By no means am I wishing war upon society so that I might enjoy a strong culture again, and find memorable contributions to western history!  This blog is only an attempt to account for the apparent cultural vacuity I now live in, compared with the strong cultures I lived in when I was young.  I expect I will offend readers who are young now, as what I am writing may seem to be criticism of their world.  Elders criticized my generation when I was growing up, and it is a perennial fact of existence that elders criticize the young–it’s in the Renaissance Book of the Courtier.  But we rebelled against our elders, and their disapproval was a kind of badge of honor.  I am not criticizing young people.  As an olding man, I enjoy the company of the young.  But I’m not happy with the blandness I see around me in society.  It’s an easy way to live, but growing up in a world steeped in philosophy, with strongly held values, the world in which I now find myself is as bland as bread without gluten.

T S Eliot and the Absolute

In The Lovesong of J Alfred Prufrock, one theme is the interplay between self and other.  The narrator appears to be overpowered by the social forces with which he interacts.  He is “fixed in a formulated phrase,” “pinned and wriggling on the wall” by others.  His constant refrain–“Do I dare,” “How should I presume?”

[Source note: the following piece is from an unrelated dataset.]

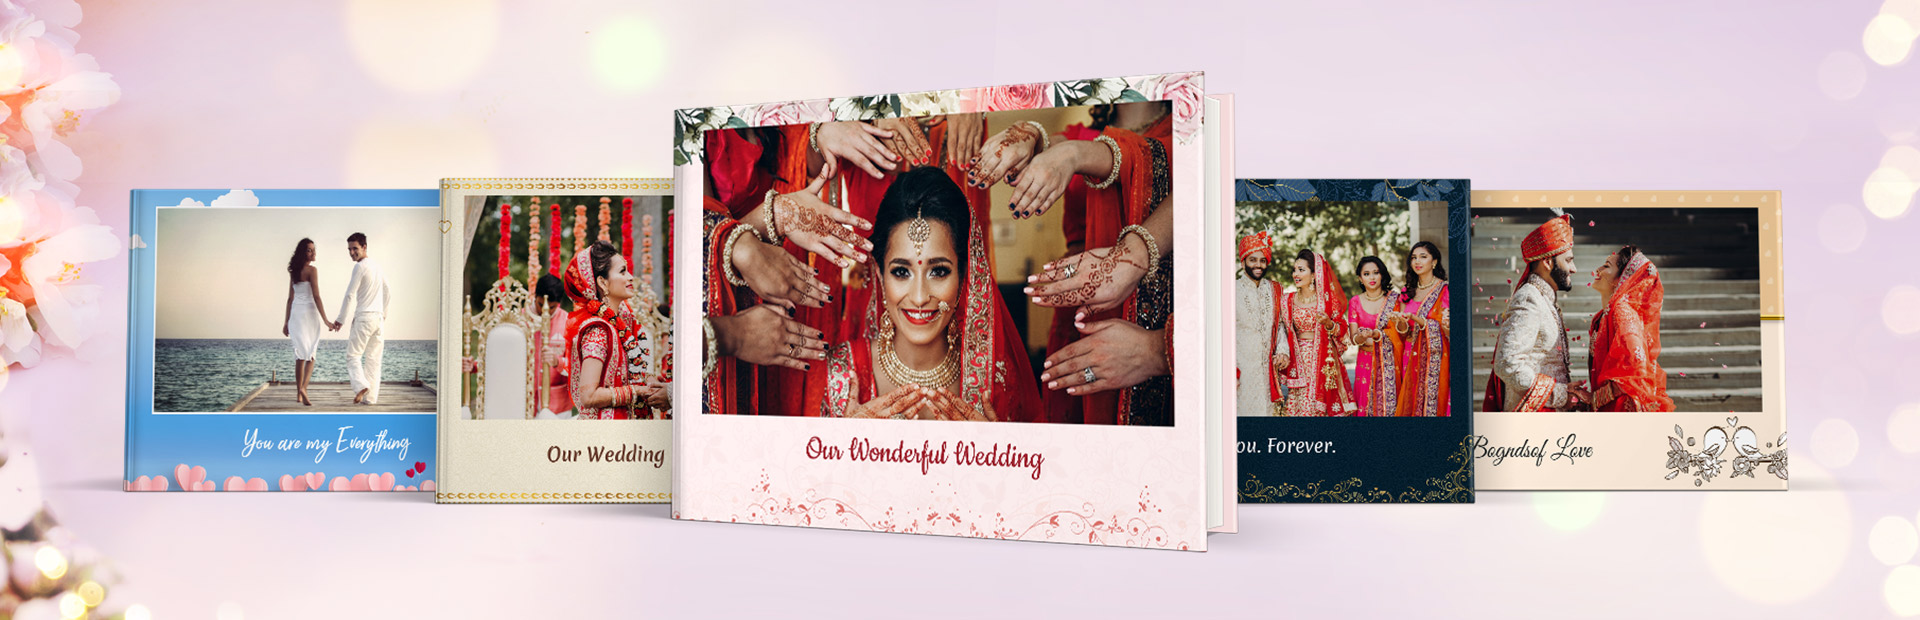 How To Design A Wedding Album Photo Book Ideas Papier - Vrogue

But there is more than spinelessness at work here.  The narrator is on the verge of asking, “An overwhelming question.”  Some think that he is going to propose marriage.  But Eliot and the narrator are possessed of greater depth than nervousness about proposing.  The overwhelming question is, in fact, religious.  The fear is of bring up deep matters in a superficial environment.  How should I presume?  The narrator has “wept and fasted, wept and prayed.”  The narrator is about to break the complacency of a tea party,

Would it have been worth while,
To have bitten off the matter with a smile,
To have squeezed the universe into a ball
To roll it toward some overwhelming question,
To say: “I am Lazarus, come from the dead,
Come back to tell you all, I shall tell you all”—
If one, settling a pillow by her head,

Should say: “That is not what I meant at all. That is not it, at all.”

I recently wrote about being true to oneself regardless of social pressures to conform.  But I must confess that there are environments in which a person can’t be oneself, especially when one is particularly spiritual.  When one is in a superficial environment, one can’t really talk on a depth level.  It would not be received.  One would be ridiculed, ignored–as in Eliot’s poem–even be met with anger.  Try being a divinity student in a bar.  The social disjunct, the ridicule, the inappropriate context all make it nearly impossible to be spiritual in a secular environment, a secular world.  How should I presume?

Eliot himself was Prufrock.  He kept his Christianity to himself until his reputation was firmly established.  Then he converted to Anglo-Catholic Christianity publicly and wrote Four Quartets.  At that point his literary career became a bit suspect.  And much of his later work, like The Cocktail Party, is bland to the point of being insufferable.

But I am a fan of Eliot.  And as a Swedenborgian, I know what it is like to have a deep spirituality that one can’t speak of in most public venues.  I have expanded my social network to include an interfaith organization, an interdenominational Christian organization.  And in these environments I can be openly Swedenborgian and be well-received.  But in the blues club, in 12-step organizations, in casual environments I seem to need to keep it all inside.  It isn’t a matter of fear.  It is more a matter of good taste.  I would not abandon my Swedenborgianism, it’s just something others don’t care to hear about, and I respect the others with whom I socialize.  In Jacob’s dream, the angels ascended and descended the ladder–they didn’t stay always at the top.